Я испытал облегчение, оплакав ее, но, увы, ненадолго. Всегда чистую и светлую печаль начинают потом душить ярость и гнев. И горькое чувство вины, чужой и собственной. И ненависть, не знающая прощения. Вместе с памятью о Сэл ко мне вернулось и все остальное – лица тех людей, их голоса, все то, что я так долго отвергал, отталкивал, прятал за той стеной. Часто я совсем не мог думать о Сэлло – я видел перед собой только Торма с его коренастой фигурой и кренящейся походкой; я часто вспоминал Мать и Отца Аркаманта и даже Хоуби. Того самого Хоуби, который втолкнул Сэлло в закрытый возок, хотя она плакала и звала на помощь. Того самого ублюдка Хоуби, незаконнорожденного сына Алтана-ди, который всегда больше всех ненавидел меня и Сэл, душа которого была прямо-таки переполнена злобной завистью, который однажды чуть не утопил меня… Так, может, они там, в бассейне, позволили именно Хоуби и…
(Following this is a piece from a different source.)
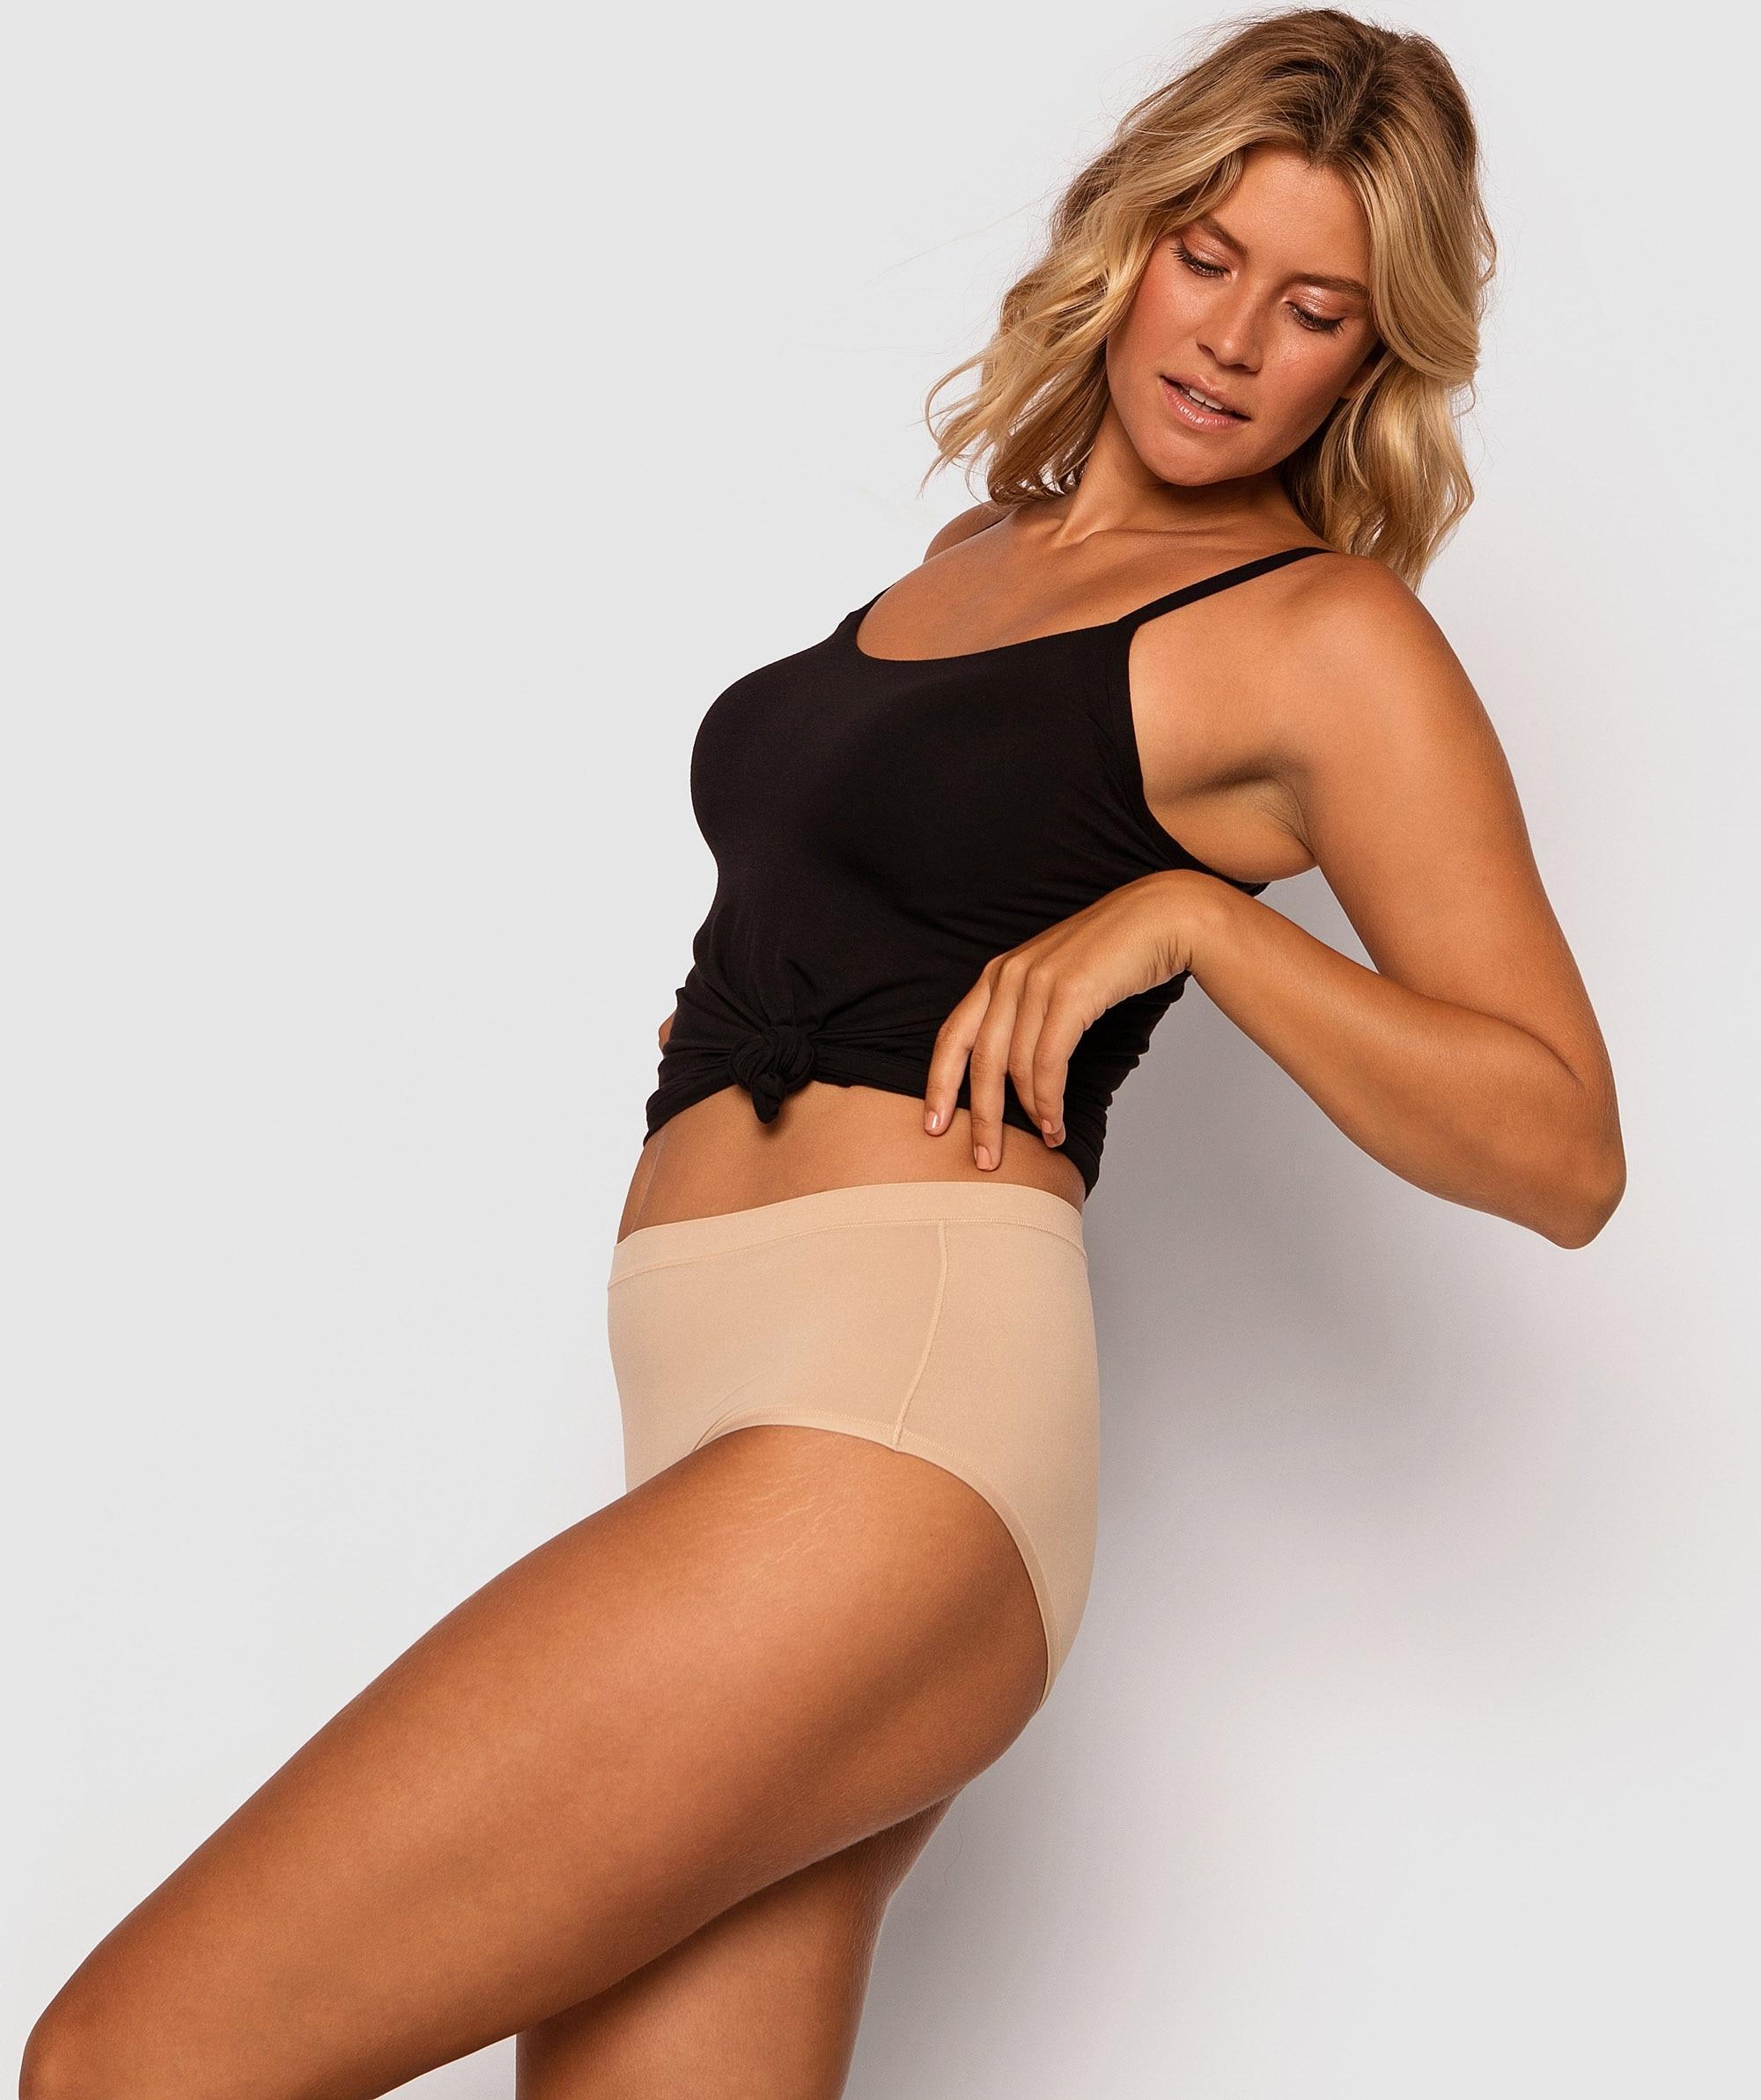 Body Bliss 2nd Gen Full Brief Knicker - Nude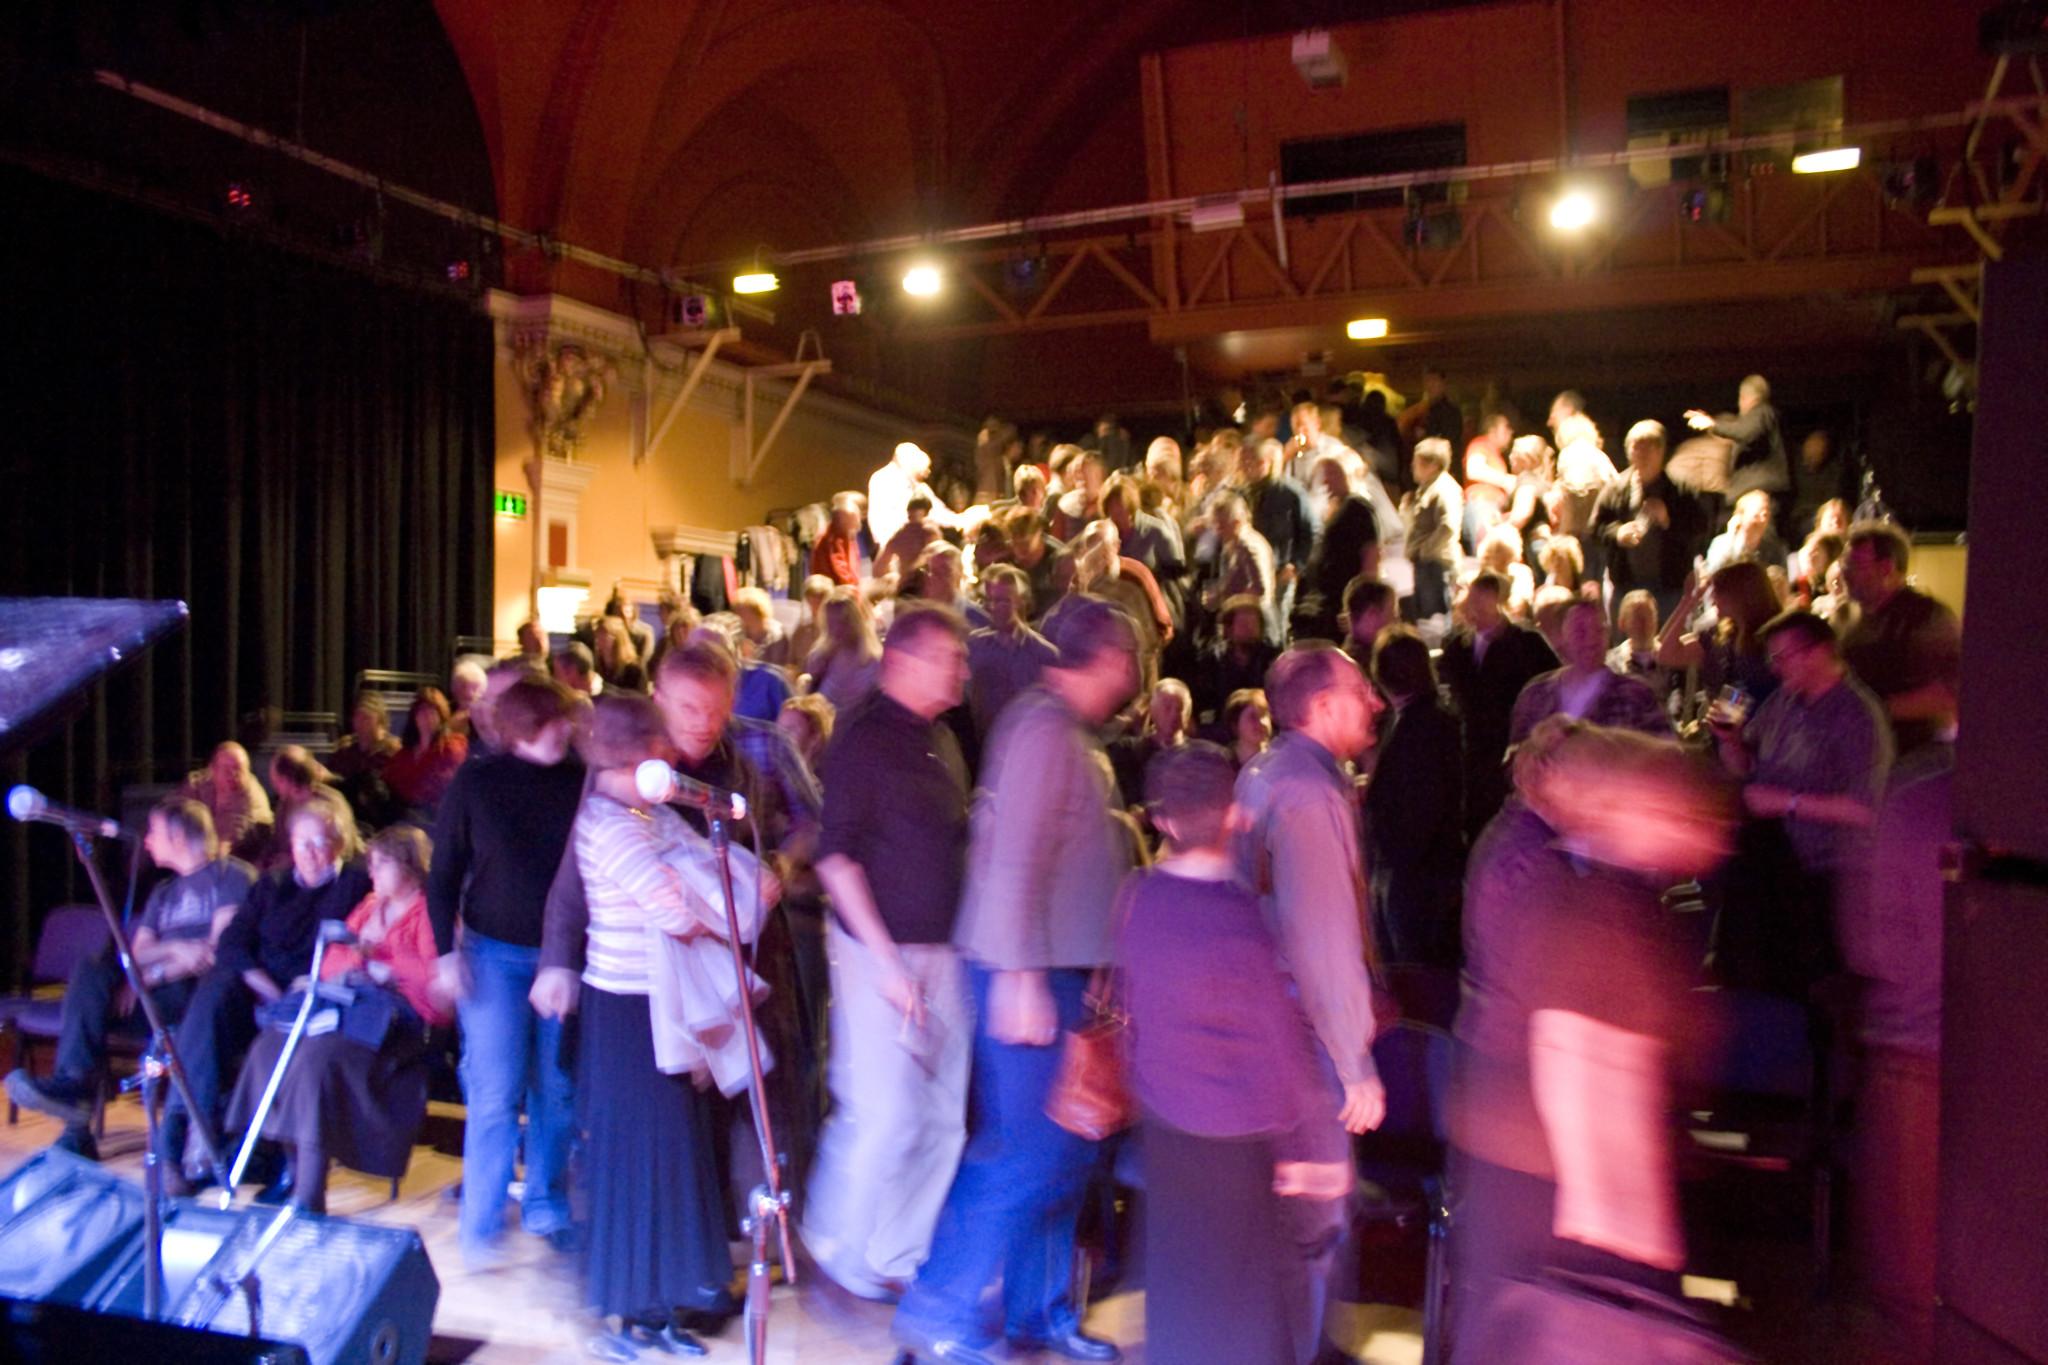 Image showing events atThe Met, Bury

Эти мысли заставляли меня корчиться в муках на полу комнаты и затыкать себе рот краем одежды, чтобы никто не мог услышать моих диких криков.
Диэро раза два в день заходила ко мне, и хотя мне было невыносимо, когда кто-то еще видел меня в таком состоянии, она у меня чувства стыда не вызывала, даже наоборот, помогала мне чуточку воспрянуть духом. В ней было некое неяркое, нежное, неколебимое спокойствие, которое мог с нею разделить и я, когда она оказывалась рядом. Я очень ее за это любил и был безмерно ей благодарен.
Она заставляла меня понемногу есть, заставляла вставать с постели и приводить себя в порядок. Она порой могла даже заставить меня думать о том, что через отчаяние я сумею в итоге отыскать путь, ведущий назад, к жизни.
Когда же наконец я покинул свою комнатушку на чердаке и спустился вниз, именно Диэро всячески ободряла меня, вселяя в мою душу мужество.
Барна, которому сказали, что у меня лихорадка, обращался со мной ласково и говорил, что мне не стоит возобновлять свои выступления, пока я окончательно не поправлюсь. Так что, хотя большую часть времени я снова стал проводить в его обществе, зимние вечера мне часто удавалось провести у Диэро; я сидел там, наслаждался исходившим от нее покоем и беседовал с нею. Я каждый раз ждал этих вечерних бесед и потом еще долго лелеял воспоминания о том, какая у Диэро добрая улыбка, как ласково она со мной поздоровалась, какие мягкие и плавные у нее движения – кстати, это у нее было профессиональное, ее этому специально учили, как учат актеров и танцовщиков. И все же именно ее повадка, ее манера двигаться, по-моему, лучше всего отражали ее истинную сущность. Я знал, что и она радуется моим визитам и нашим тихим беседам. Мы с Диэро очень полюбили друг друга, хотя она никогда больше не обнимала меня после того единственного раза, когда, сидя у большого камина, дала мне выплакаться всласть.
Люди подшучивали над нами – но потихоньку, осторожно поглядывая в сторону Барны, чтобы убедиться, что он не обиделся. Но его, похоже, даже веселила мысль о том, что его бывшая любовница утешает юного «школяра». Сам он никаких шуток или намеков на сей счет не отпускал и меня даже озадачивала столь необычная деликатность, совершенно ему не свойственная. С другой стороны, Барна всегда очень уважительно обращался с Диэро. Ей же самой было безразлично, что другие подумают о ней или скажут.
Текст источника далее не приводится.